Ce qui rend les shows de Gaga extraordinaires, c’est cette puissance d’interprétation, cette capacité à créer un univers et à nous y plonger totalement. Bien sûr, la mise en scène, les costumes et les chorégraphies y jouent un rôle clé. Mais sa force réside aussi dans son jeu, dans les personnages qu’elle incarne tout au long du concert, donnant sens et profondeur à chaque mot de son immense répertoire.
Du rock aux hymnes queer, un voyage intense
Lady Gaga se balade entre les styles et les genres, offrant notamment un tableau rock avec ses musiciens, puis un tableau chorégraphié, avant d’arriver à l’hymne fédérateur Born This Way. Personne dans Bercy ne découvrait cette chanson ce soir-là.

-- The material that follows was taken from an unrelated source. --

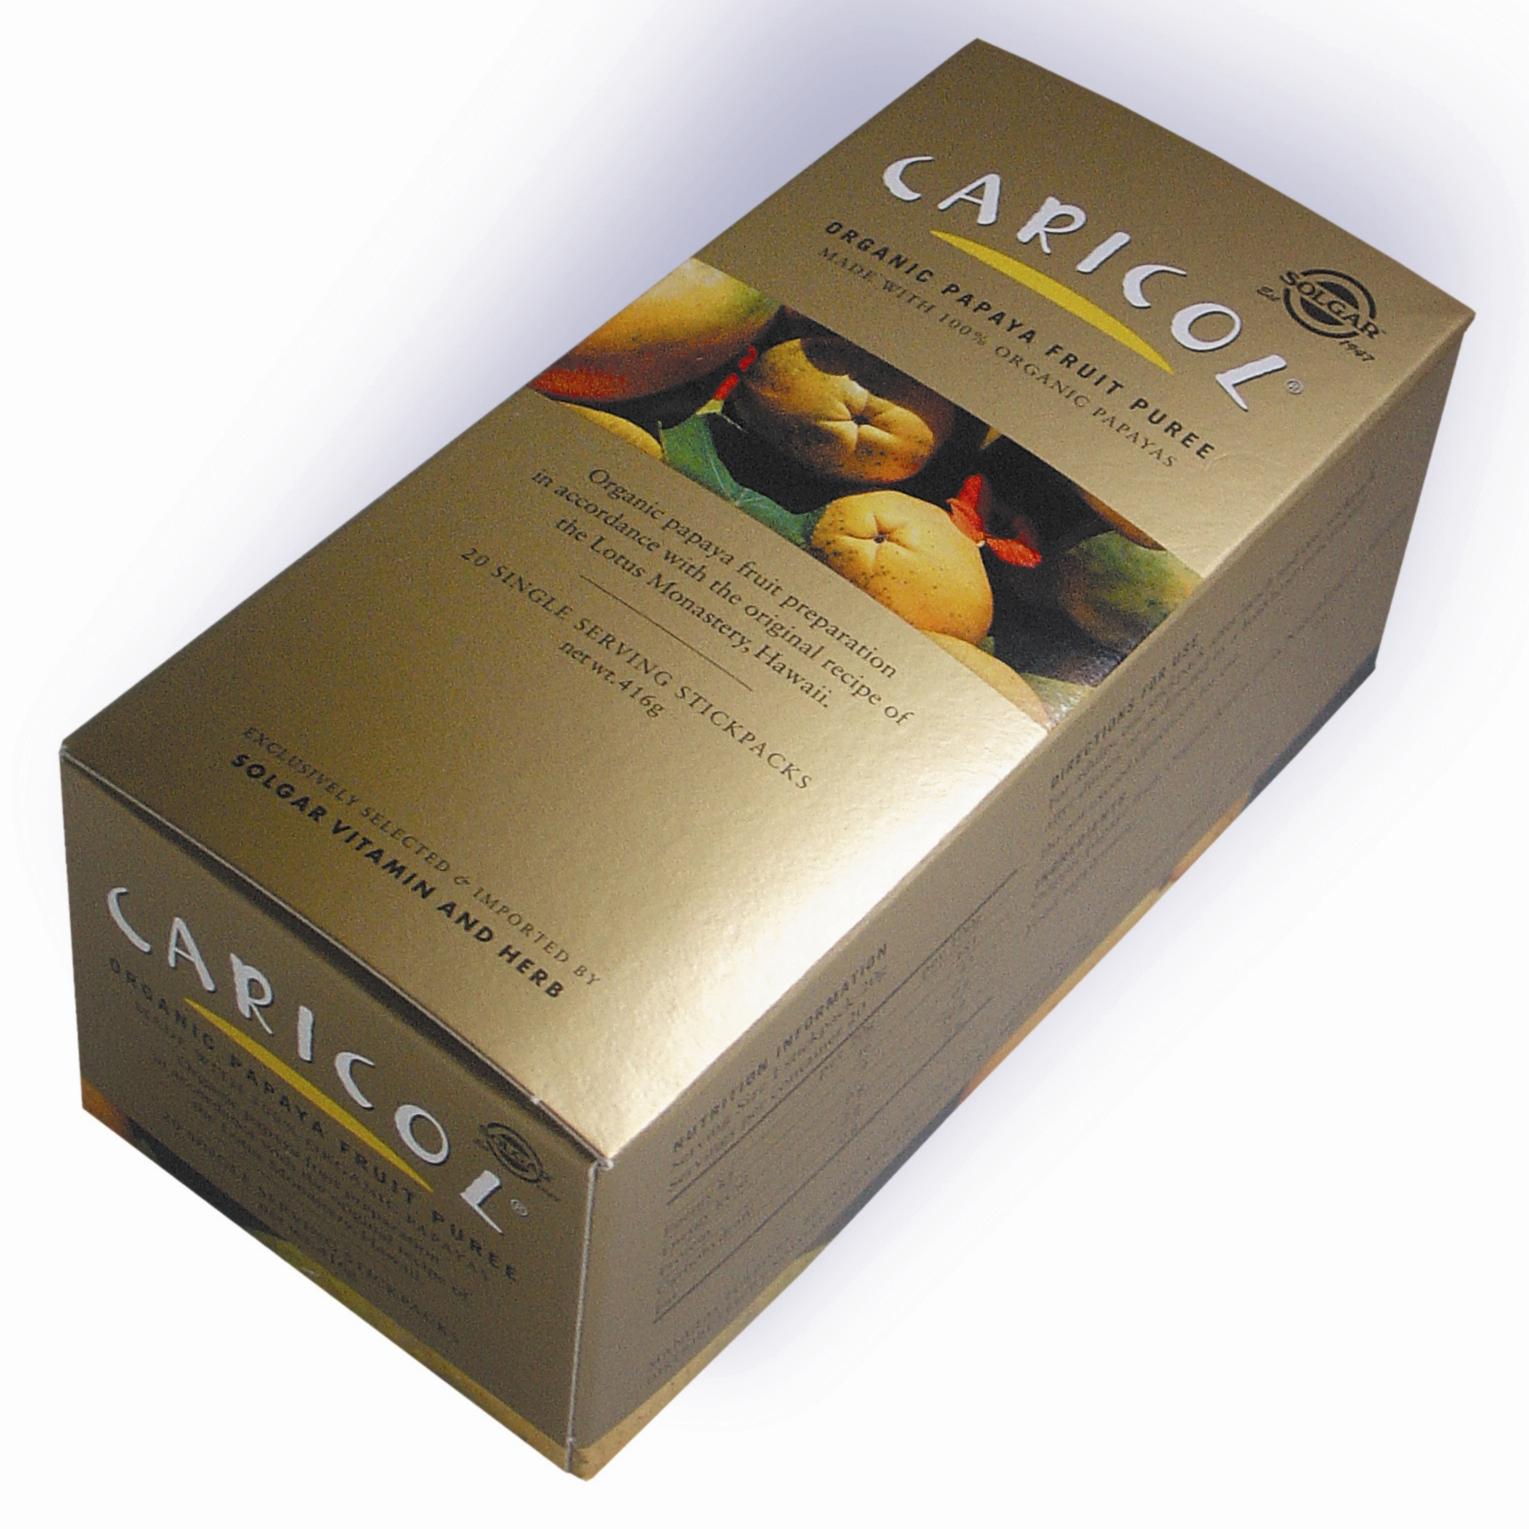 Solgar Caricol Συμπλήρωμα Διατροφής που Βοηθά στη Βελτίωση της Πέψης & στη Καλύτερη Διάσπαση των Πρωτεϊνών20 stickpacks 1079

Vient ensuite l’instant le plus intimiste : seule au piano, elle échange quelques mots avec le public. Dans ce show millimétré, c’est le moment où elle reprend le contrôle, rappelant qu’elle est aussi une grande musicienne, capable d’émouvoir profondément avec un simple piano-voix. La scène se fait sobre, la lumière se concentre sur elle, et le temps semble suspendu.
Après cet instant de grâce, la star s’offre même un bain de foule sur Vanish Into You, signant quelques autographes tout en poursuivant sa prestation.
L’iconique Bad Romance et un final théâtral
Alors que le show progresse, il manque toujours l’autre tube incontournable : Bad Romance. C’est le dernier tableau, à la mise en scène « gaguesque », qui lui est consacré. Gaga arrive sur un brancard, entourée de médecins médiévaux portant le fameux masque à bec, symbole de la peste. Il fallait au moins ça pour réanimer Lady Gaga, qui entonne son légendaire « Ra-ra, ah-ah-ah… Roma-roma-ma » sous les acclamations d’un Bercy conquis.
Détail rare et clin d’œil magnifique, un véritable générique de fin apparaît, listant l’ensemble de l’équipe, des danseurs aux traiteurs, mettant à l’honneur toute la production d’un show théâtral « Directed by Lady Gaga ».
Et quel show. Costumes, décors, illusions… mais c’est son « encore » qui marque le plus. Avant de nous quitter, Lady Gaga, démaquillée, perruque retirée, nous emmène dans les coulisses. Elle commence la dernière chanson depuis les backstage, dans les zones techniques, nous offrant une plongée dans l’envers du décor sur How Bad Do You Want Me, avant de revenir sur scène pour une révérence finale entourée de toute son équipe.

Celle qui avait surpris en interprétant Mon truc en plume de Zizi Jeanmaire lors de l’ouverture des Jeux Olympiques de Paris 2024 ne pouvait partir sans un clin d’œil à la France. Elle reprend La Vie en rose, les yeux humides, émue par l’amour du public parisien.
Clap de fin pour Lady Gaga à Paris. En ce 22 novembre, elle clôturait la partie européenne de sa tournée, avant, peut-être, un retour au Stade de France à l’été 2026, promis à une météo plus clémente, mais à un public toujours aussi brûlant.